In this matter of sending me supplies my mother was in despair. She used sometimes to send me a parcel clandestinely but more
often than not its existence was detected by my father before she was able to send it off – as a result it never left the country at all. Only in the case of the shaving brush was my mother adamant. ‘The boy must be able to shave,’ she said.
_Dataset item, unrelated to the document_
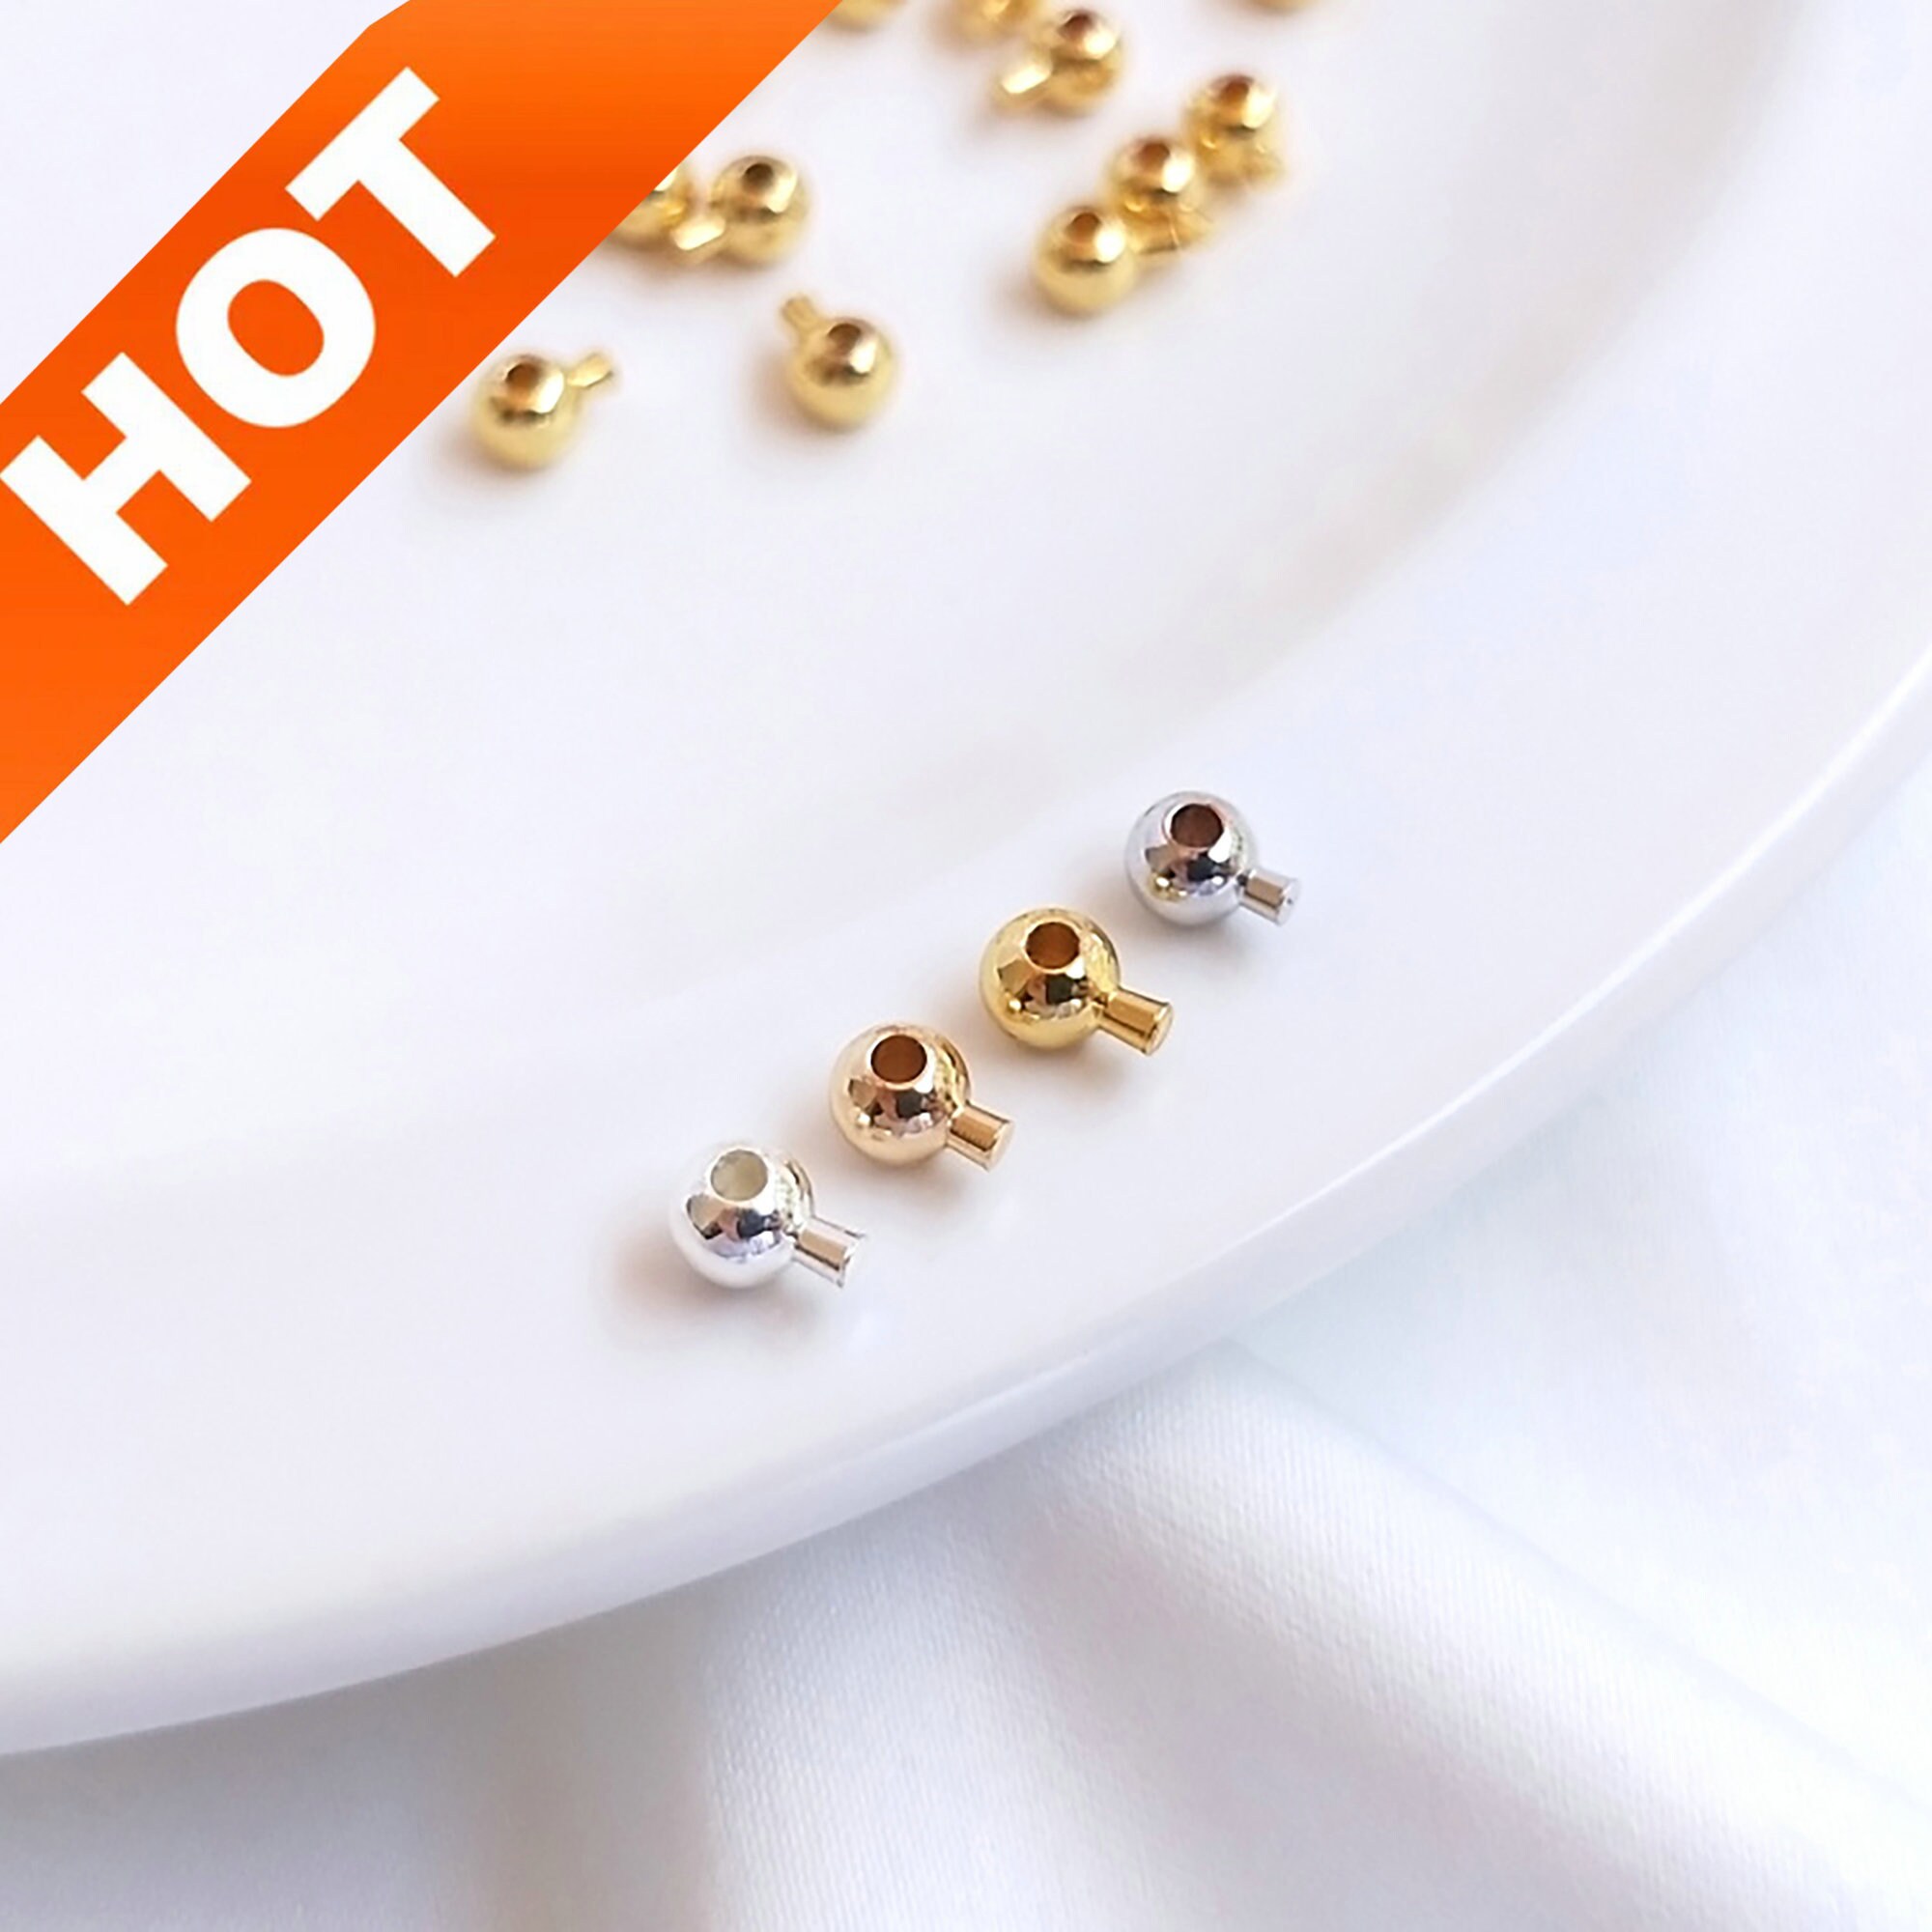 BEADIA 18K Gold Plated End Caps Non Tarnish 3x6mm 200pcs for Jewelry Making  Findings

My father grumbled a lot, but in the end rooted among his possessions until he found a shaving brush of the rather primitive sort that professional barbers use, with the handle dipped in pitch and wrapped round with string. He added a suit of silk and wool underwear for good measure that he had bought in Paris in 1904.

I received this parcel in the wilds of Bohemia in the Spring of 1943. The shaving brush was much admired by my companions but unfortunately it disintegrated the first time it was put into water; the underwear even failed to survive the routine check which the Germans carried out in order to satisfy themselves that nothing illicit was being sent us. As the Feldwebel held up the fully-fashioned silk and wool long underpants with the Original label Edouard et Butler, Place Vendôme, still on them they disintegrated before my eyes and fell to nothing in a fine powder.